The taxonomy of several reference strains from culture collections have been corrected based on the combined results from MLSA, ANI and dDDH analyses. ATCC 51312, ATCC 51311, LMG 2343 were formerly identified as P. tolaasii, but they share less than 95% genome similarity with P. tolaasii genome cluster (phylotype 6). They also do not map to barcoding genes of P. tolaasii LMG 2342T. Non-pathogenic strains ATCC 51312 and ATCC 51311 were instead identified close relatives of Pseudomonas sp. NC02 (phylotype 2) in the MLSA and ANI, and LMG 2343 (phylotype 12) was identified as P. edaphica in the dDDH. Non-pathogenic isolates P7774, P7753 and P7760 were formerly described as P. veronii, P. syringae and P. agarici, respectively, in internal culture collections. Based on ANI and dDDH results from this study they were re-identified as “P. reactans” (phylotype 16), close relative of Brevundimonas bullata (phylotype 30) and close relative of Cedecea neteri (phylotype 31) respectively.

Known blotch pathogens

All strains of P. tolaasii (phylotype 6) isolated from blotch outbreaks in the Netherlands were found to cause moderate or severe brown blotch symptoms, with the exception of IPO 3746. They also map to barcoding genes of P. tolaasii LMG 2342T in the MLSA. Two pathogenic isolates from the United Kingdom, 21,815,971 and 21,815,972 (phylotype 3) that cause severe blotch and pitting in both cap and pot tests, clustered together with the blotch-causing reference strain of P. costantinii, LMG 22119T in the MLSA and ANI. Three isolates from the “P. reactans” clusters, B3002, C5002, IPO 3751 (phylotypes 9 and 16), were also pathogenic. All 26 isolates of “P. gingeri” obtained from blotch outbreaks in the Netherlands, United Kingdom and Belgium were able to cause blotch, with varying symptom severity in the pathogenicity tests performed. All of them mapped to barcoding genes of “P. gingeri” LMG 5327T. They form 3 MSLA clusters, but 5 distinct ANI clusters (phylotypes 1, 5, 14, 22 and 24), indicating that multiple closely-related species can cause ginger blotch.

New blotch pathogens

Several isolates presented in this study are reported as blotch-pathogens for the first time. 19 isolates (phylotype 2) with varying severity of blotch symptoms were identified as belonging to the same species as Pseudomonas sp. NC02. Two blotch-causing isolates (phylotype 10) from the Netherlands were identified as P. yamanorum. They were also closely related to the Pseudomonas sp. NC02 isolates. Three pathogenic isolates (phylotype 12) from Dutch blotch outbreaks were identified as P. edaphica. A severely pathogenic isolate (IPO3765) from Netherlands was recognized as P. salomonii.

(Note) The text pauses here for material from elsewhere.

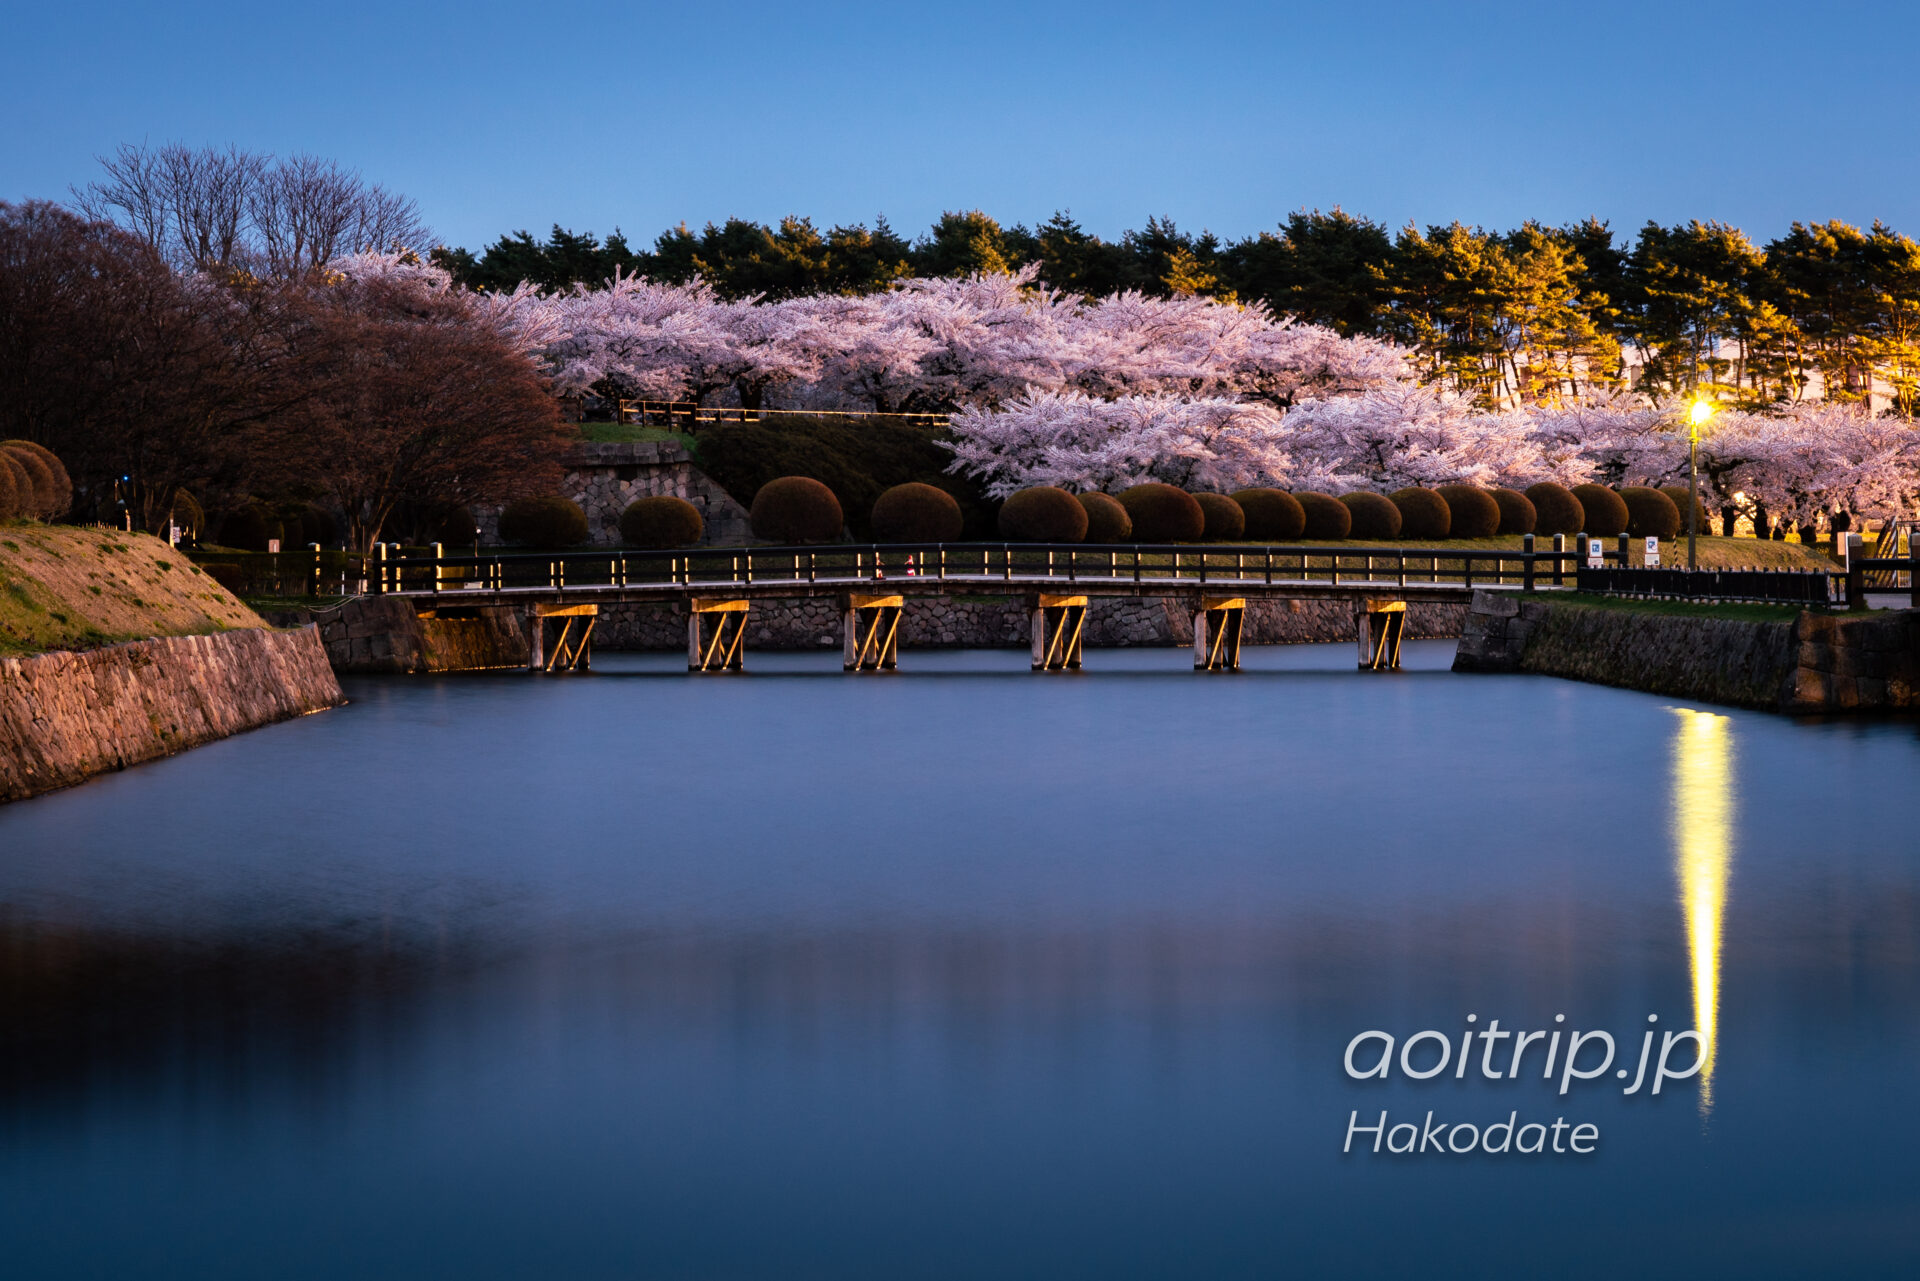 函館 五稜郭 二の橋と桜並木

Four ANI clusters (phylotypes 4, 9, 21 and 26) contained pathogenic Pseudomonas isolates without a reference or type strain. Phylotype 4 contained only one severe blotch-causing isolate, A5002. Phylotypes 9 and 21 contained only a single isolate each, both of which (B6002 and D2002) cause brown blotch symptoms. Phylotype 26 contained two unidentified isolates, IPO 3778 and IPO 3779 that cause mild-blotch on fresh caps.

Unidentified Pseudomonas species

10 isolates demonstrating a range of blotch severity, from non-pathogenic to severe symptoms, remained unidentified. They mapped to barcoding genes from multiple reference strains in the MLSA, formed 7 distinct clusters (phylotypes 4, 9, 11, 21, 26, 30 and 31) in the ANI analysis (Fig. 4), and were closely but insufficiently (< 70%) related to any other species in the dDDH (Table 3). Their contigs mapped in-specifically to multiple reference strains, when compared via BLAST against the NCBI database. Contamination of these isolates during laboratory work was ruled out by confirming the presence of single-copies of the barcoding genes, and low genome duplication in the range of 1.50–2.84% (Additional file 2). These could potentially be new species that have yet to be discovered.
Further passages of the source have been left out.